Democratic senators continue to press their Republican counterparts to hold confirmation hearings and vote on President Barack Obama’s nominee to the Supreme Court, Judge Merrick Garland, to fill the seat left vacant by the death of arch-conservative Justice Antonin Scalia.
“It’s the president’s duty, obligation and job [to nominate]," said Senator Al Franken after meeting Wednesday with Garland at his Capitol Hill offices. "Our job is to advise and give our consent, or not give our consent. And we should be doing that. We should be doing our job.”
Garland, the chief judge of the federal appellate court in the nation’s capital, also met with Democrat Kirsten Gillibrand.
"He is someone who is highly qualified. And I think it is the obligation of the Senate to not only have a hearing, but to vote on his nomination,” Gillibrand said.
The meetings came one day after Senator Mark Kirk became the first Republican to meet with Garland.
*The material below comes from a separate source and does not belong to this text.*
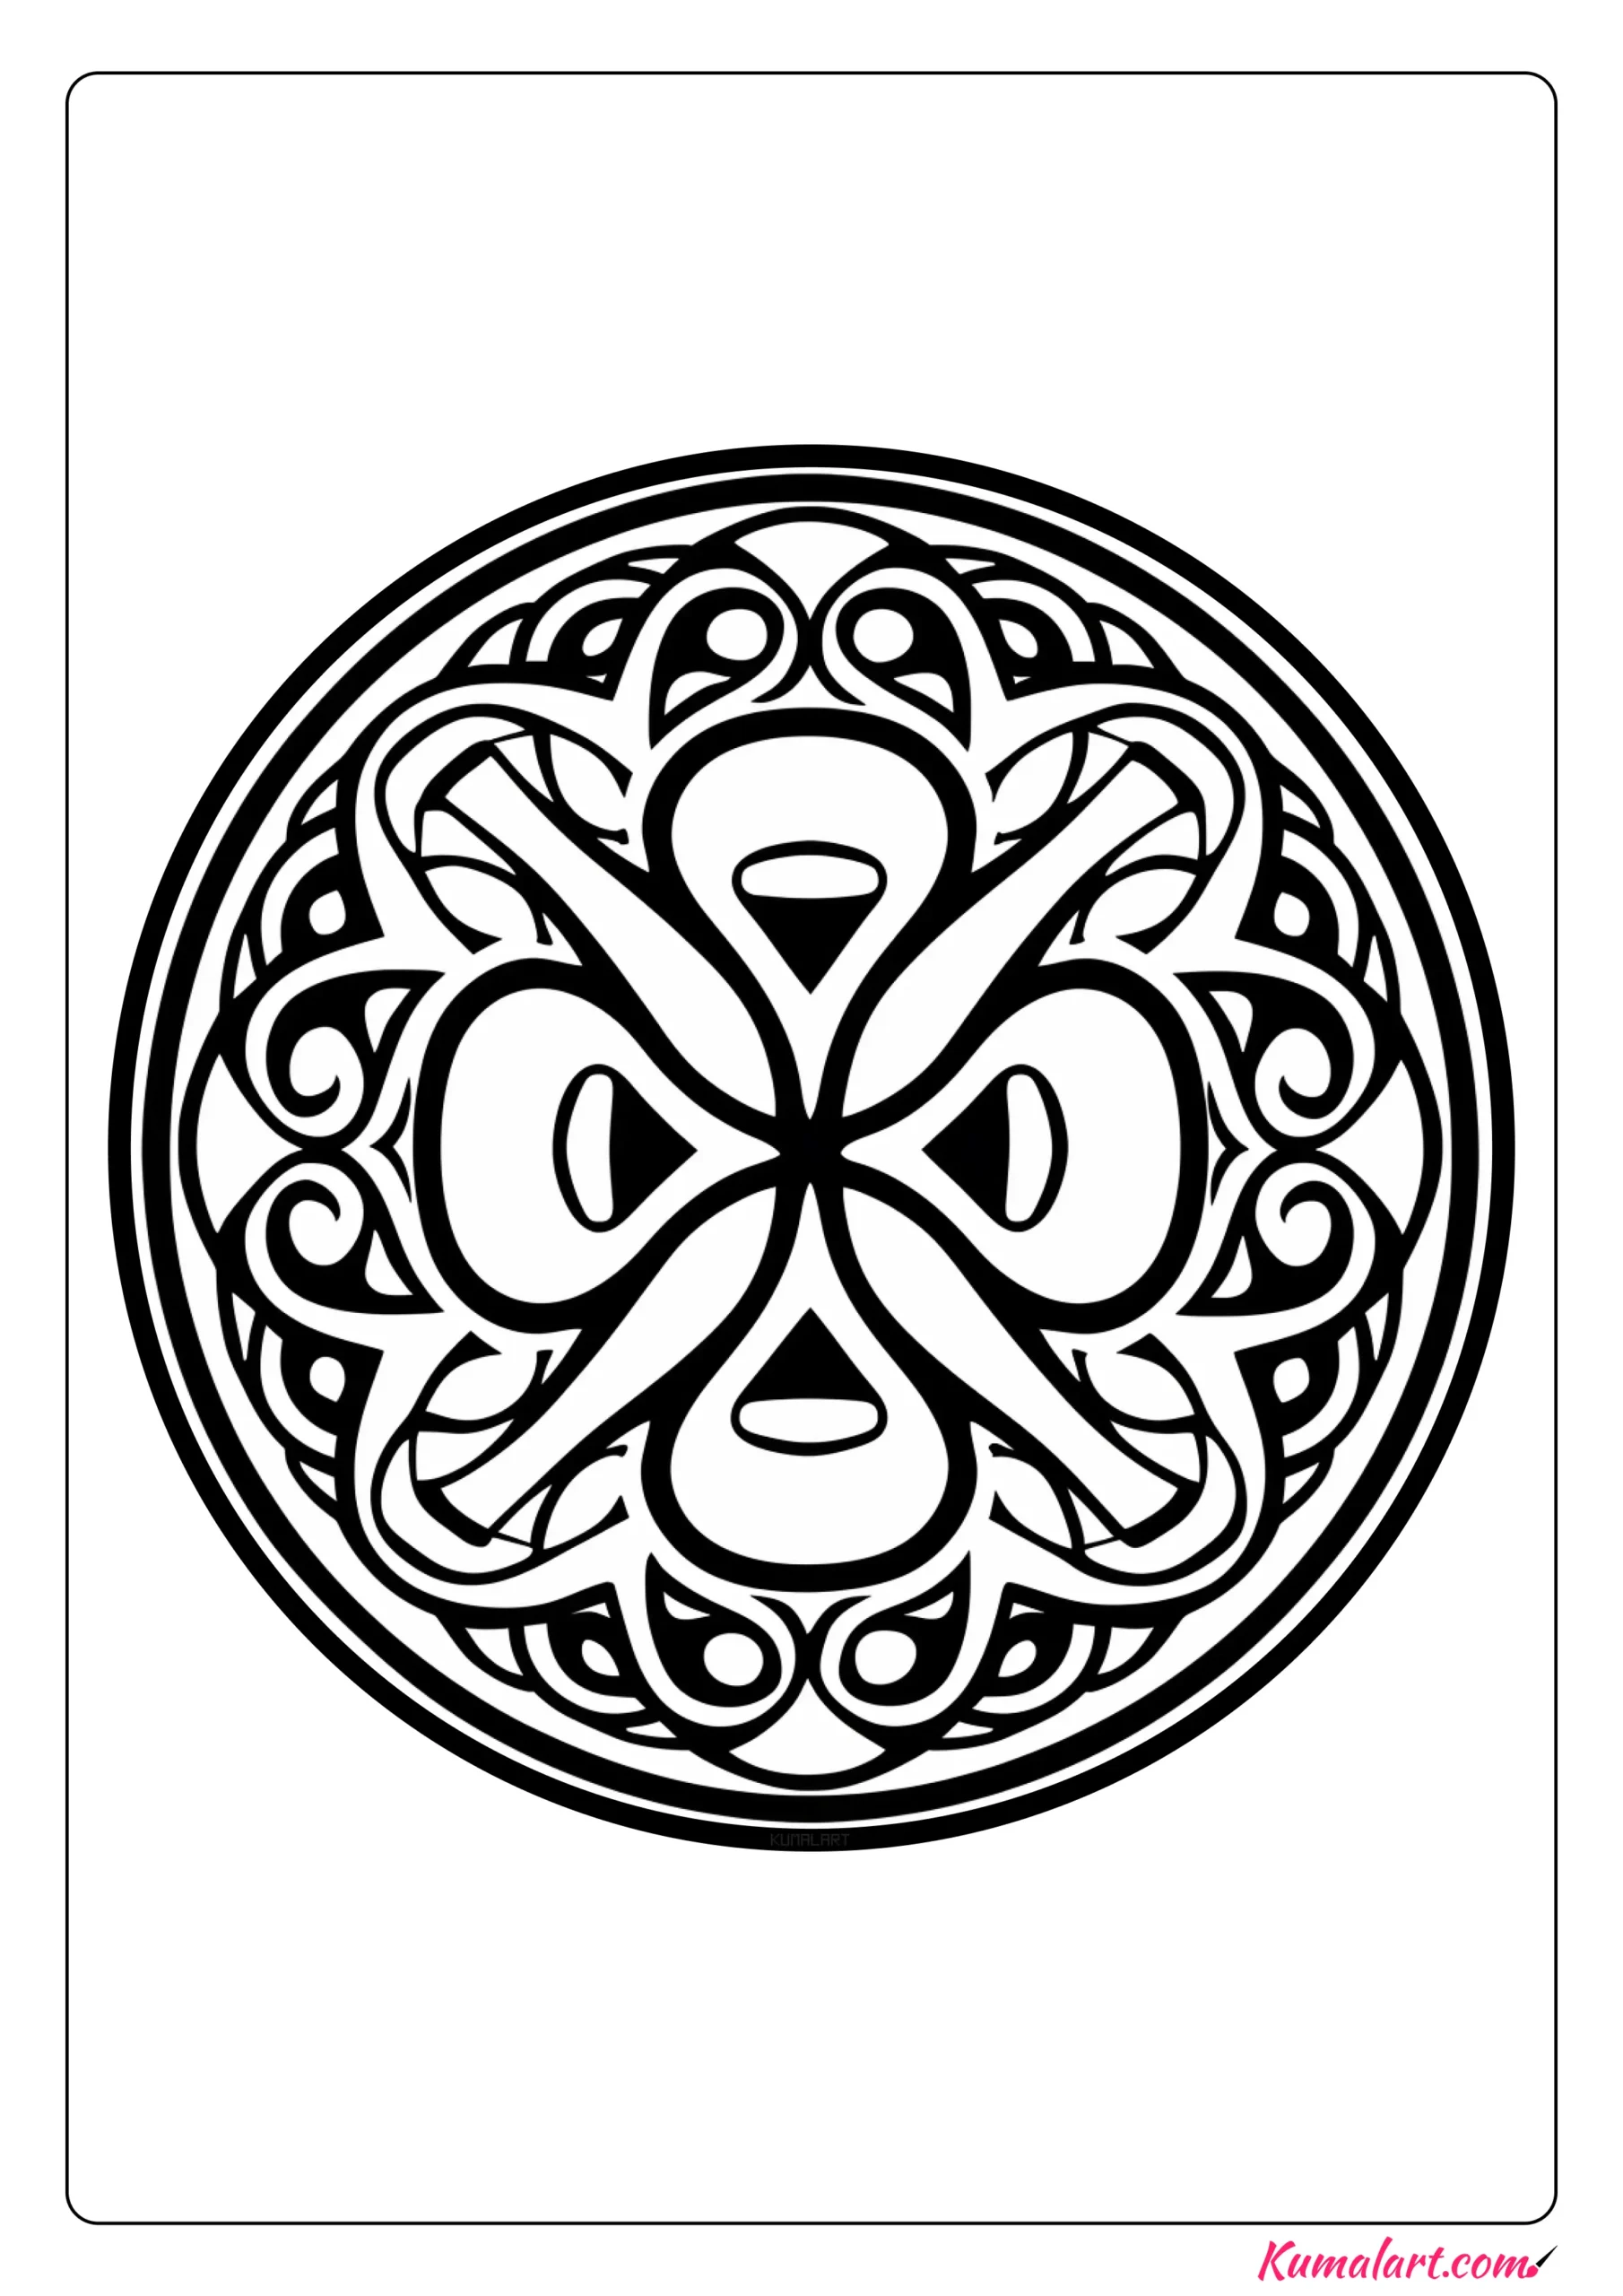 Abstract Shamrock St Patrick’s Day Mandala Coloring Page

Kirk bucked Senate Majority Leader Mitch McConnell and other top Republicans by calling for full consideration of the nomination. Most Republicans are unswayed.
"Democrats have no credibility in lecturing Republicans on how to conduct the current confirmation process,” wrote Republican Senator Orrin Hatch this week in an opinion piece for The New York Times. “Liberal pressure tactics belie any commitment to keeping politics out of the confirmation process.”
"Considering a nominee in the midst of a toxic presidential election would be irresponsible. Doing so would only further inject a circus atmosphere into an already politicized confirmation process,” Hatch added.
Kirk and 15 other Republicans have indicated a willingness to at least meet with Garland. Far fewer, however, have endorsed confirmation hearings or a vote.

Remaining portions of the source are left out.